I have been concerned about the new name for the Northern Areas of Pakistan for the last five years. I deliberated on the issue. The new name should be representative of the people. There are two key religious groups inhabiting these valleys, namely, the Sunni and the Shia, the latter being further divided into the Ithna’asharis and the Ismailis.

It was thought that the least controversial would be to put together the abbreviations of the great mountain ranges of the world that converge here. In this regard, Baqahistan was proposed four years ago but was not released to the media. The literal meaning of Baqahistan is derived from its two main syllables: ‘baqah’ from Arabic meaning life, and ‘stan’ for place. Baqahistan thus means the “life place” or the “living place”.

Metaphorically, ‘baqah’ represents the great mountain ranges: for instance, ‘ba’ for Bom-e Dunyo (roof of the world), that is the Pamirs; ‘qa’ for the ‘Qarakorum’ (distorted form of Karakorams); ‘hi’ for the Himalaya and Hindukush; and ‘stan’ for the place where these mountains are located and for the people residing in their valleys.

The second name for the Northern Areas that is being proposed is Kuhimir, literally meaning the “mountain chief” or the “mountain leader”. ‘Kuh’ in Persian means “mountain” and ‘mir’ in Arabic (shortened from amir) means “leader”. But conceptually, Kuhimir has been abbreviated from the names of the great mountain ranges of the world: i.e., ‘ku’ taken from the Karakorams; ‘hi’ representing the Himalaya and Hindukush, and ‘mir’ for the Pamirs.

Kuhimir gets its logical position within the geographical locations of the Pamir to its north and Kashmir to the south. More importantly, Kuhimir cannot be controversial like Sargin, Dardistan, Burushal or Boloristan which are derived from their political/ethnic/linguistic affiliation to different groups.

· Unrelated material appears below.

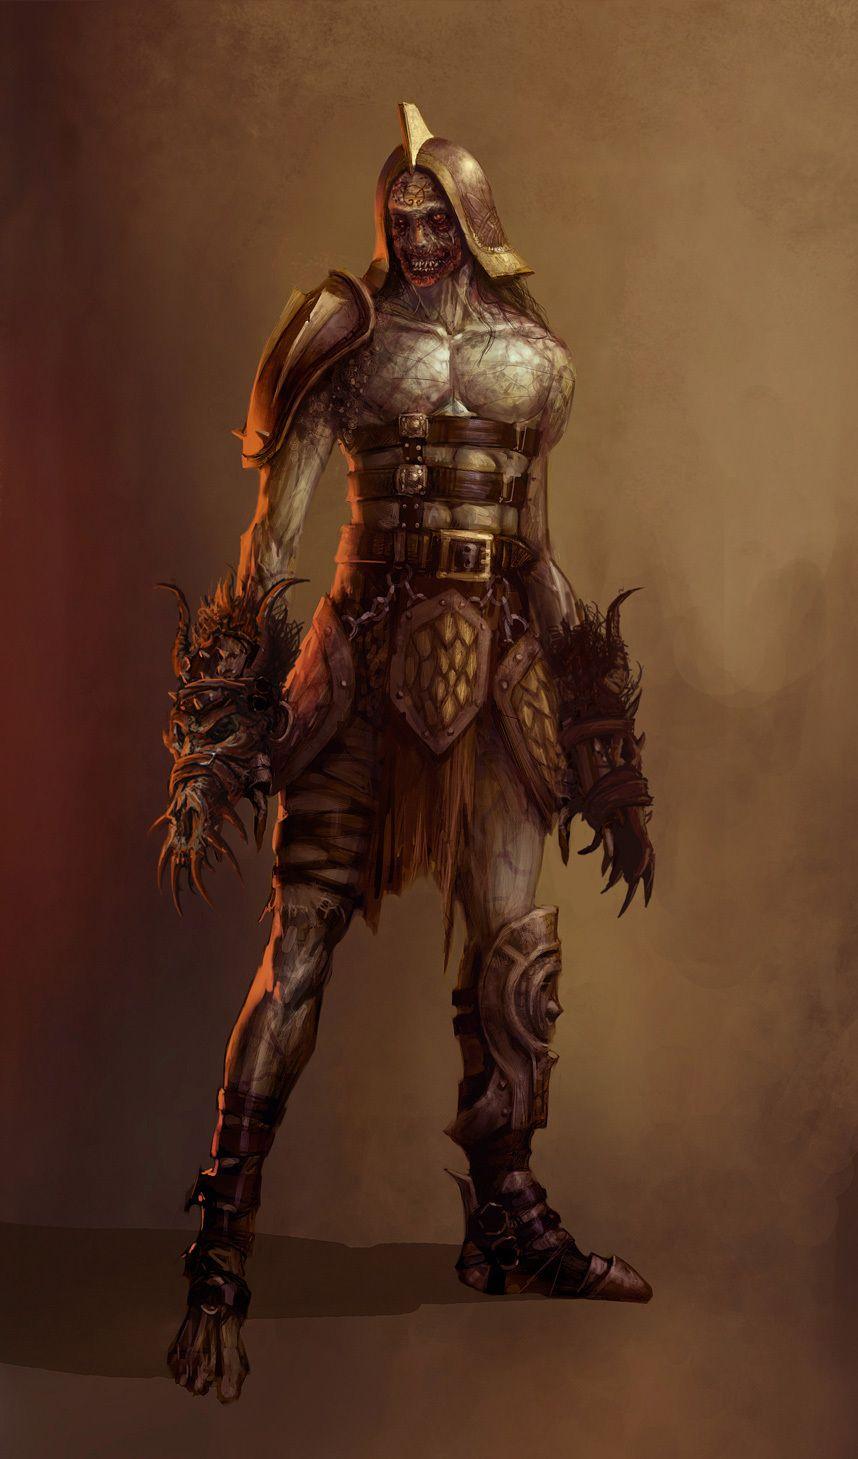 Devouring-Corpse-Concept-Art-dragon-age-origins-17321835-858-1459.jpg (858×1459)

This would certainly lead towards pluralistic unity of the diverse cultures (ethno-linguistic groups) and regions/valleys of the Northern Areas. It should also be noted that even though the four giant mountain ranges extend beyond the region, the name has been confined to the Northern Areas of Pakistan as that is the point where they converge.

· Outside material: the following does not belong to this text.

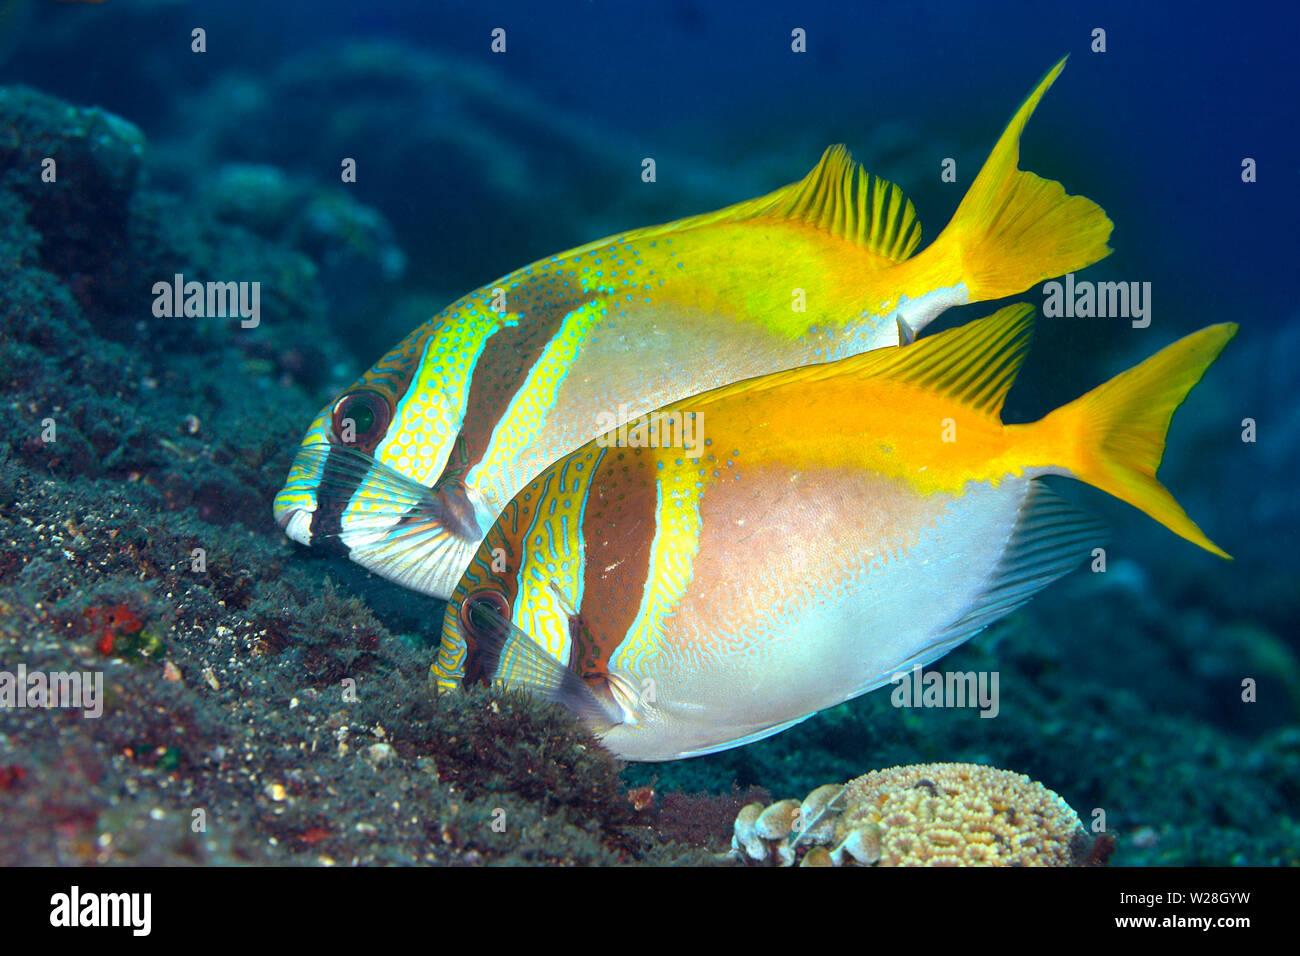 doublebar-rabbitfish-also-known-as-two-barred-rabbitfish-virgate-rabbitfish-and-barhead-spinefoot-siganus-virgatus-tulamben-bali-indonesia-W28GYW.jpg

In conclusion, I would earnestly request the readers and the inhabitants of the Northern Areas to explore ideas to hit on a name that is representative and wins the unanimous approval of the different geographical, cultural, religious and political entities of the region. It is now up to the readers and the leaders of the region at all levels to be objective and deliberate honestly and rationally on this issue.

The writer is an international researcher and consultant specialising in cultural and social anthropology.